Kava: Kava may increase the effect of the benzodiazepine, clorazepate.

Ketoconazole: Ketoconazole may increase the effect of the benzodiazepine, clorazepate.

Mephenytoin: Mephenytoin may increase the metabolism of clorazepate via CYP3A4.

Nelfinavir: The protease inhibitor, nelfinavir, may increase the effect of the benzodiazepine, clorazepate.

Omeprazole: Omeprazole may increase the effect of the benzodiazepine, clorazepate.

Phenytoin: Phenytoin may increase the metabolism of clorazepate via CYP3A4.

Ritonavir: The protease inhibitor, ritonavir, may increase the effect of the benzodiazepine, clorazepate.

Saquinavir: The protease inhibitor, saquinavir, may increase the effect of the benzodiazepine, clorazepate.

Telithromycin: Telithromycin may reduce clearance of Clorazepate. Consider alternate therapy or monitor for changes in the therapeutic/adverse effects of Clorazepate if Telithromycin is initiated, discontinued or dose changed.

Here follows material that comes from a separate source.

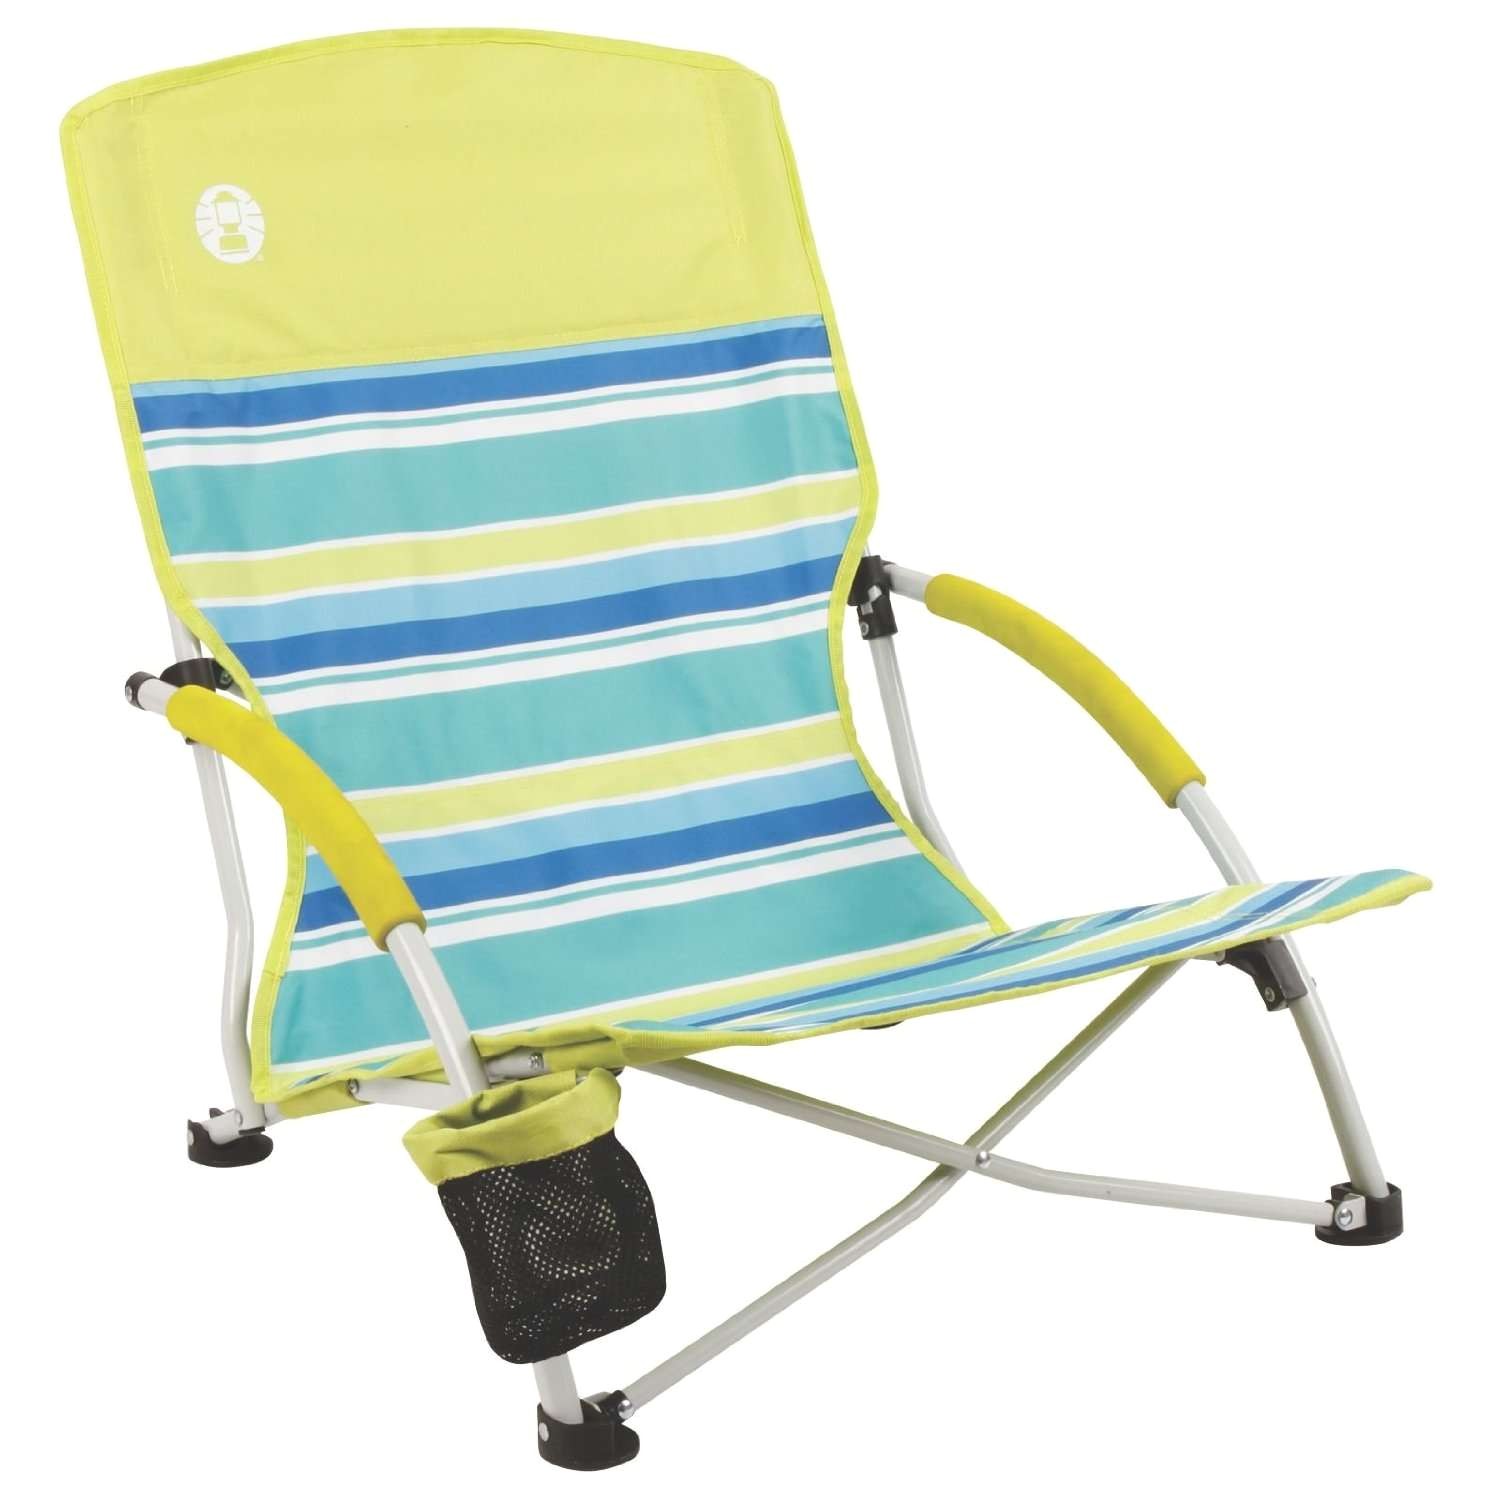 backpack beach chair target inspirational low folding beach chair unbelievable chair ideas

Tipranavir: Tipranavir may decrease the metabolism and clearance of Clorazepate. Consider alternate therapy or monitor for Clorazepate toxic effects if Tipranavir is initiated or dose increased.

Triprolidine: The CNS depressants, Triprolidine and Clorazepate, may increase adverse/toxic effects due to additivity. Monitor for increased CNS depressant effects during concomitant therapy.

Voriconazole: Voriconazole may increase the serum concentration of clorazepate by decreasing its metabolism. Monitor for clorazepate toxicity if voriconazole is initiated or dose increased.